The case was submitted to the jury at the first trial upon the issues of the negligence of the Railroad Company, the contributory negligence of the driver of the truck, the understanding of Gill as to the nature and effect of the releases, and the amount, if any, that he was entitled to recover from the Railroad Company as administrator of the estates. The jury found that both the Railroad Company and the driver were guilty of negligence and that his administrator was entitled to recover nothing, but that the administrator was entitled to recover $1500 for the death of the wife and $2500 for the death of the son in the other cases. After the trial upon appropriate motions of the defendant the court set aside the verdict in favor of the administrator as to the execution of the releases and entered judgment for the defendant in all the cases. Upon the first appeal we held that the judgment in favor of the Railroad Company in the case of William O. Long, the driver of the car, should be sustained since there was evidence to support the conclusion that the negligence of the Railroad Company and the negligence of the driver both contributed to the accident; but we also held that the other cases should be remanded to the District Court for a second trial upon the question of the validity of the releases.
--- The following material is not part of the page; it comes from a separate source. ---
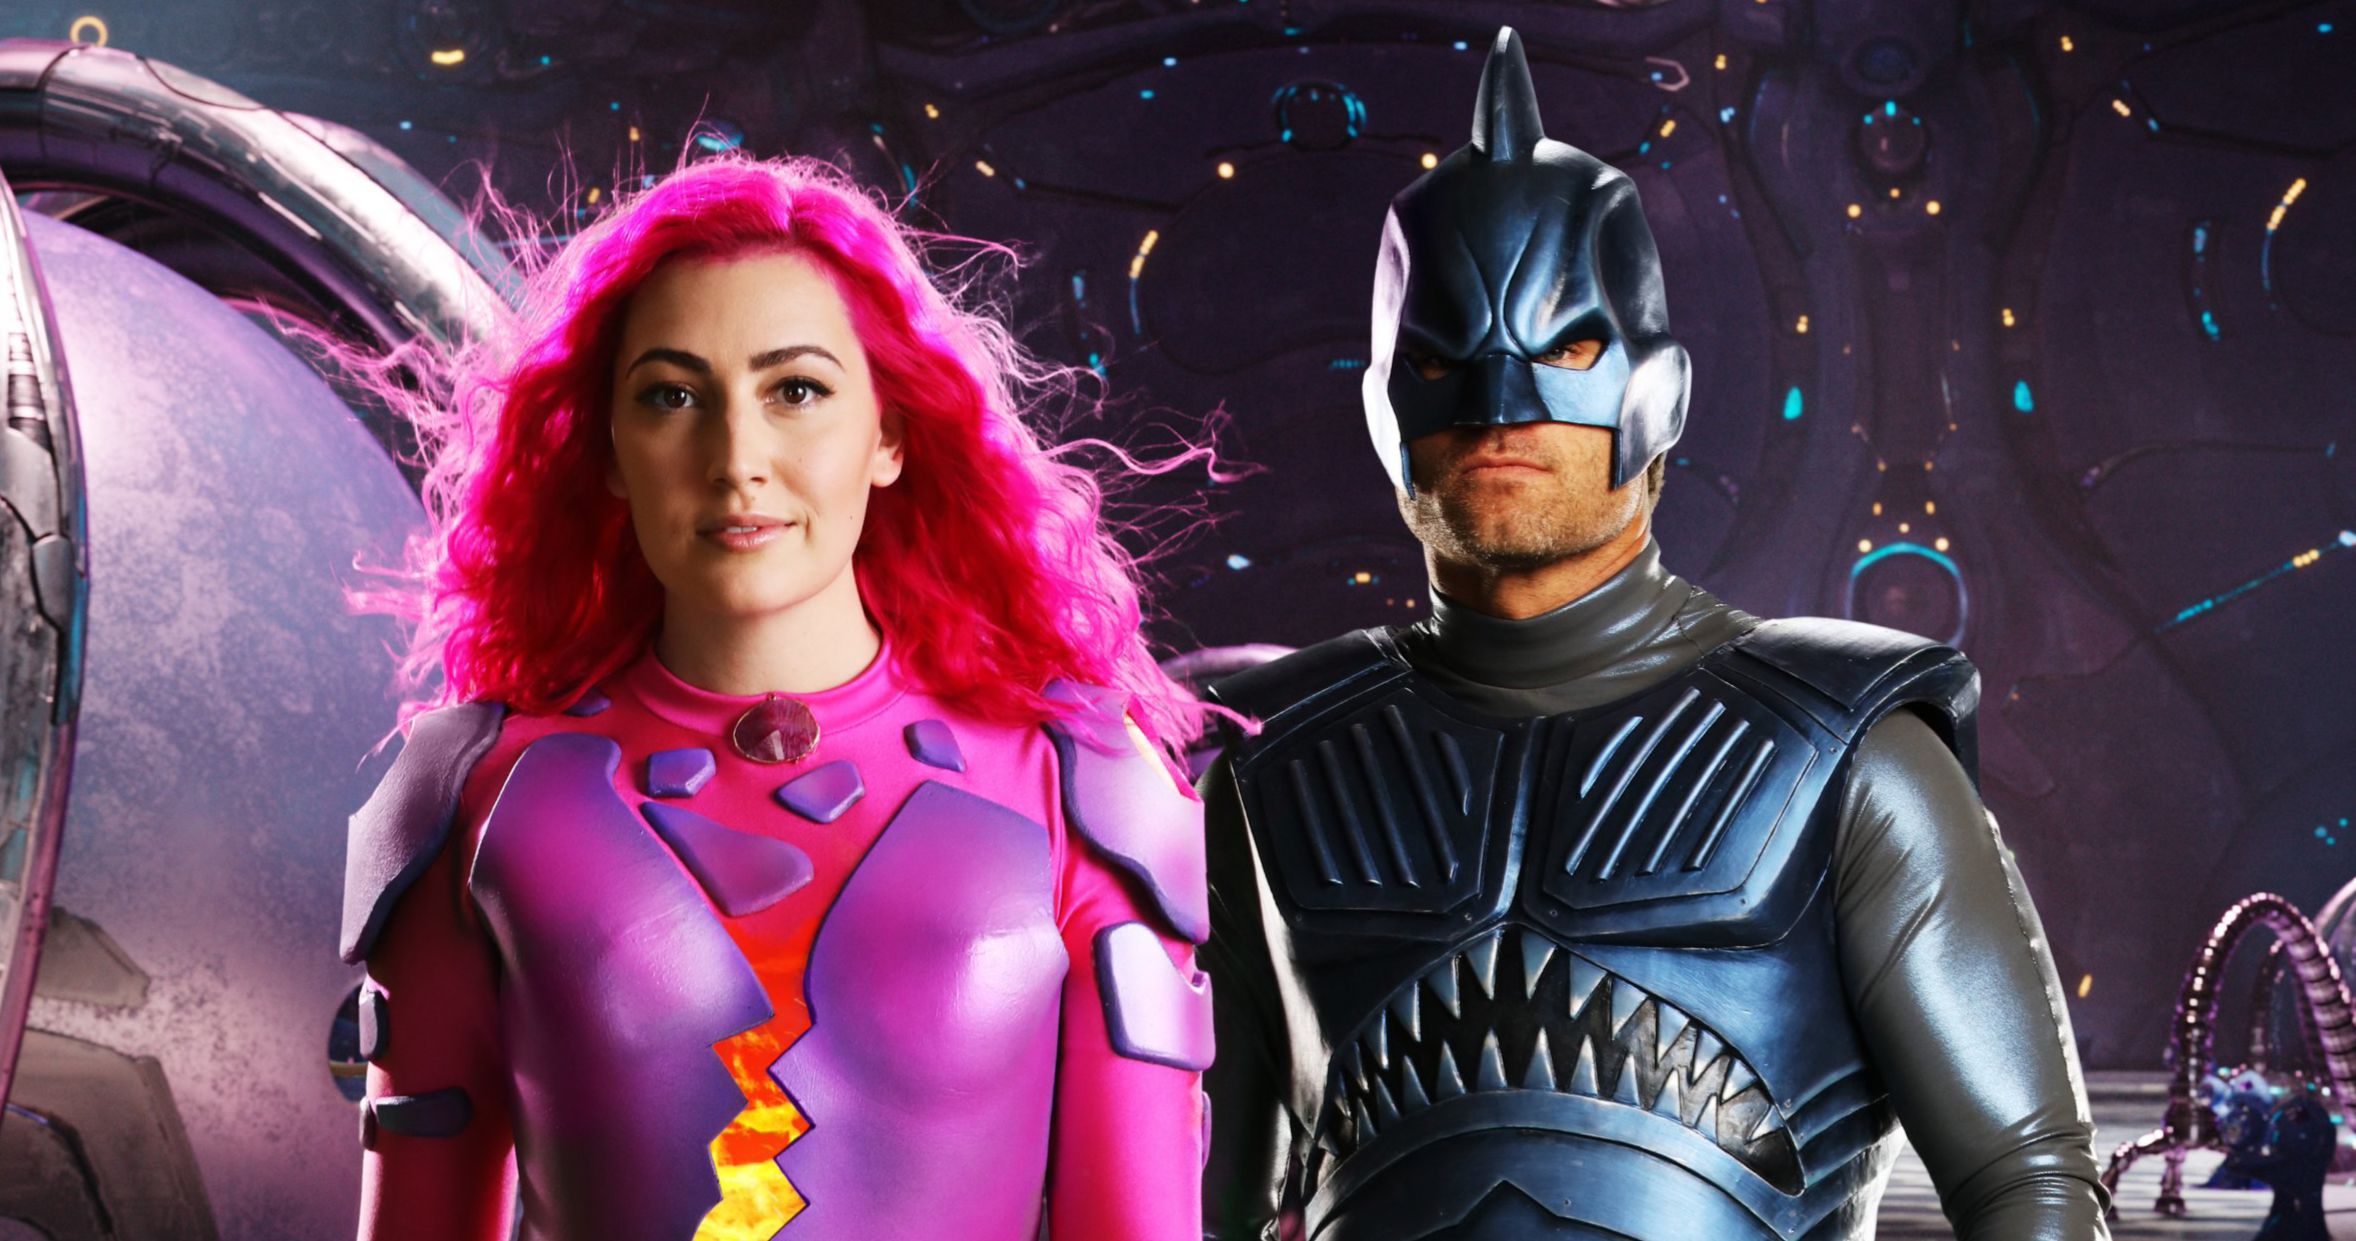 Sharkboy and Lavagirl Return in New Look at Netflix's We Can Be Heroes

At the first trial the court submitted an issue as to whether the administrator executed the releases without understanding their nature and effect, and the jury answered this inquiry in the affirmative, but this finding was set aside by the District Court on the ground that the jury's answer may have been based upon the finding that the releases were signed by mistake on Gill's part alone and that a unilateral mistake, unaccompanied by fraud or like circumstances, is insufficient in North Carolina to avoid a contract. We held, however, that the judge should have submitted to the jury the specific issue tendered by the plaintiff as to whether the execution of the releases was procured by fraud or undue influence, and the case was remanded for retrial on this question.

When the case went back this issue was submitted and the jury again found in favor of the administrator. The contention is now made that there was no evidence to support the findings. The District Judge rejected this contention and in our opinion this ruling was correct. We held in our first opinion that the evidence at the first trial was sufficient to justify the submission of the issue, and since the evidence on this point at the second trial was substantially the same as at the first, there is no occasion for further discussion of the matter at this time.

It is next objected by the Railroad Company that the verdict of the jury should not be sustained because it was uncertain and ambiguous in that the question was submitted in the alternative, whether the releases were procured by fraud or undue influence, and the jury merely answered the question in the affirmative. The objection is entirely lacking in merit. It is true that if an issue is framed in an alternative which proposes different or inconsistent theories, and the answer of the jury is a simple yes or no, the verdict may be so ambiguous that it will not support a judgment. See Edge v. North State Feldspar Corp., 212 N.C. 246, 193 S.E. 2; Gibson v. Central Mfrs' Mut. Ins. Co., 232 N.C. 712, 62 S.E.2d 320. But that is not the case here. The closeness of fraud and undue influence was shown in the charge of the court when the judge without objection told the jury that undue influence is a fraudulent overreaching of the mind of another which induces him to take action materially affecting his rights which he would not otherwise perform. It is plain from the record that both counsel and jury clearly understood that the question for decision was whether the administrator had been tricked into signing a complete release in the brief that the claims against the Railroad Company would be given full consideration at a later date, and the meaning of the jury's answer is not open to doubt.

The appellant finds fault with a portion of the charge in which the judge told the jury that gross inadequacy of consideration standing alone is sufficient evidence to sustain the allegation of fraud and undue influence, provided it is so inadequate as to shock the conscience or the moral sense of right and wrong.